What We're Reading: Asbestos Testing in Talc; Polypharmacy Use; Coronavirus Emergency Use Authorization

February 5, 2020
AJMC Staff

The FDA reexamines asbestos testing for talc powders and cosmetics; elderly patients with HIV have high polypharmacy use; the government issues an emergency use authorization for a coronavirus diagnostic.

Conflicting Findings Spur Debate on Asbestos Testing for Talc-Containing Products

On Tuesday, for the first time in almost 50 years, the FDA reviewed its policies on asbestos testing in products that contain talc, according to Reuters, with recent data from the federal agency showing trace amounts of the known carcinogen in several products. Again at the center of this often controversial debate is Johnson & Johnson, which has defended the safety of its products for years, despite reports dating as far back as the 1970s showing “rather high” levels of the carcinogen in its talc and a recent JAMA study showing no cancer link. Advocates, meanwhile, want stricter safety regulations for the largely unregulated cosmetic talc industry and are calling for warning labels on talc products.

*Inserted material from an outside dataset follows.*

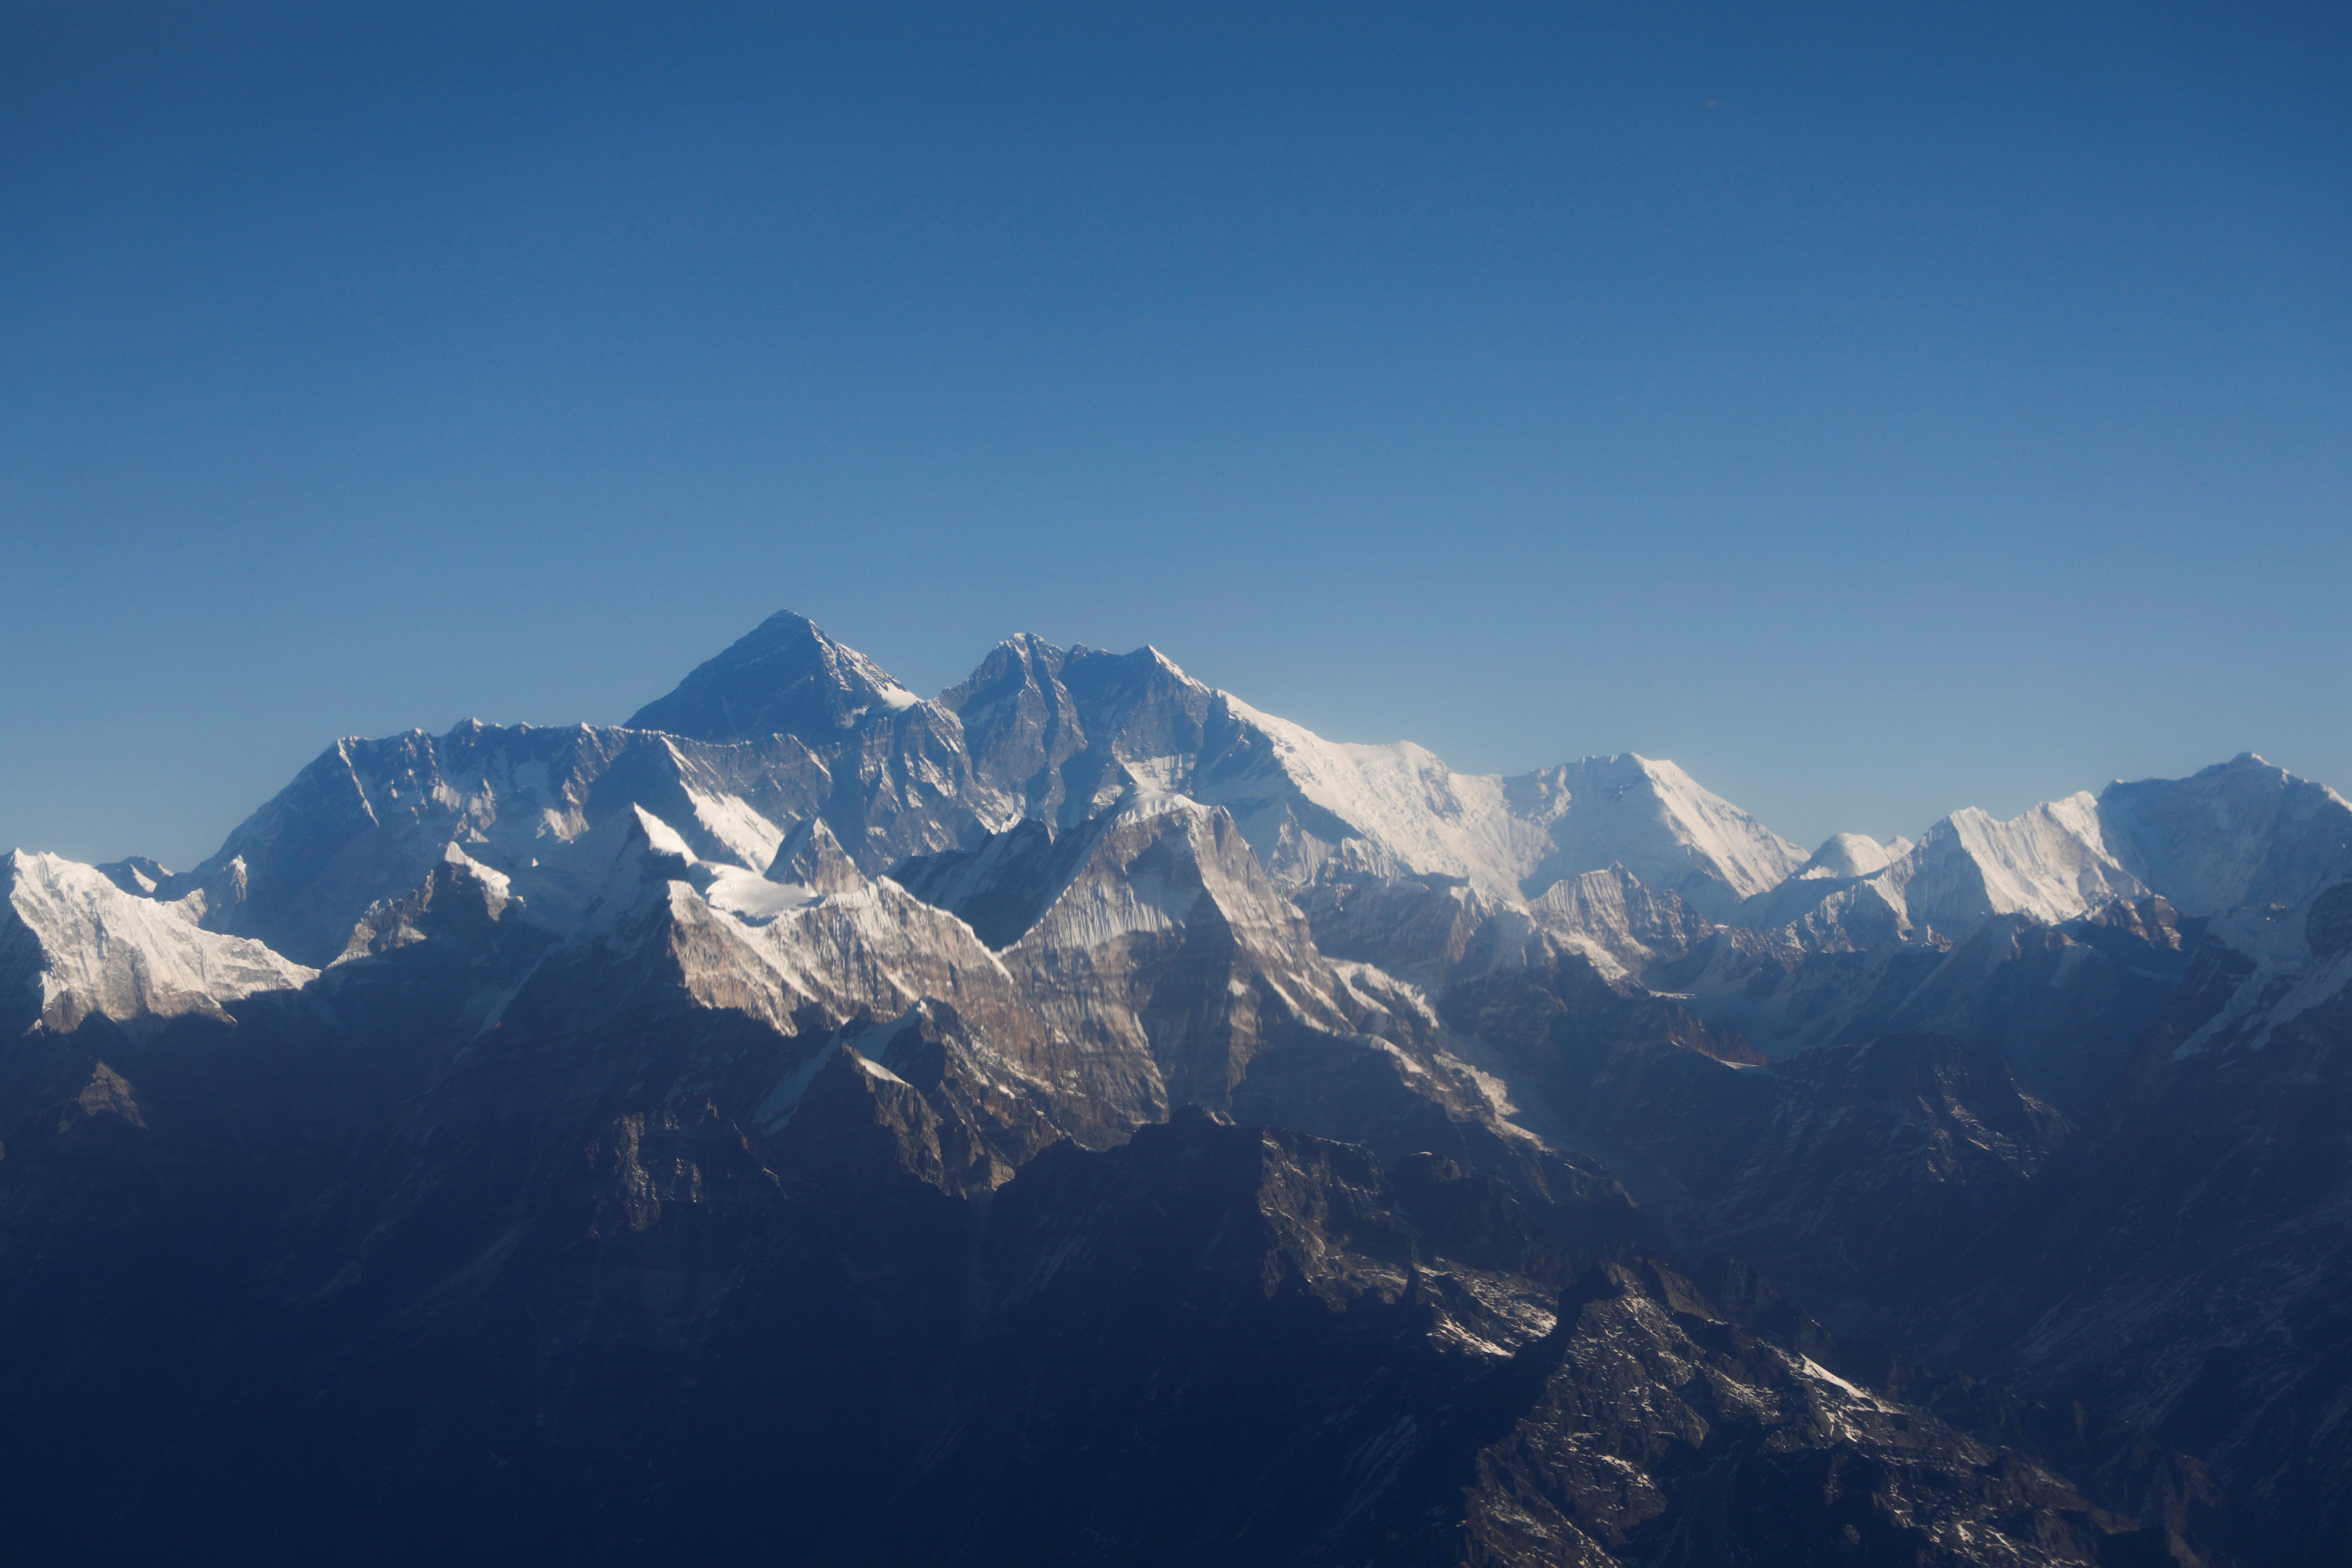 Mount Everest, the world's highest peak, and other peaks of the Himalayan range are seen through an aircraft window during a mountain flight from Kathmandu, January 15, 2020 (by Reuters/Monika Deupala)

Polypharmacy Use Likely Among Older, HIV-Positive Individuals

The results of a recent study show that polypharmacy use is more common among HIV-positive adults aged 65 or older compared with those younger than 65, according to Infectious Disease Advisor. With innovations in antiretroviral therapy helping to transform the disease into a more manageable chronic condition and enabling HIV-positive patients to live longer, these older individuals are developing more age-related conditions that they need to manage with other medications. All of this increases the possibility of drug-drug interactions from classes that include benzodiazepines and hypnotics. The researchers stress the need for continuous education and medicine review to reduce risk for this vulnerable population.

The FDA Issues an Emergency Use Declaration for Coronavirus Diagnostic

On the heals of the coronavirus being declared a public health emergency, the FDA has issued an emergency use authorization for the CDC’s 2019-nCoV Real-Time RT-PCR Diagnostic Panel, according to a press release from the agency. This tool was previously restricted to CDC laboratories only. With the number of new cases seeming to increase every day from this sometimes deadly respiratory infection, this test uses nasal or oral swabs to detect possible infection with 2019-nCoV. The FDA recommends that negative results should be confirmed with healthcare providers.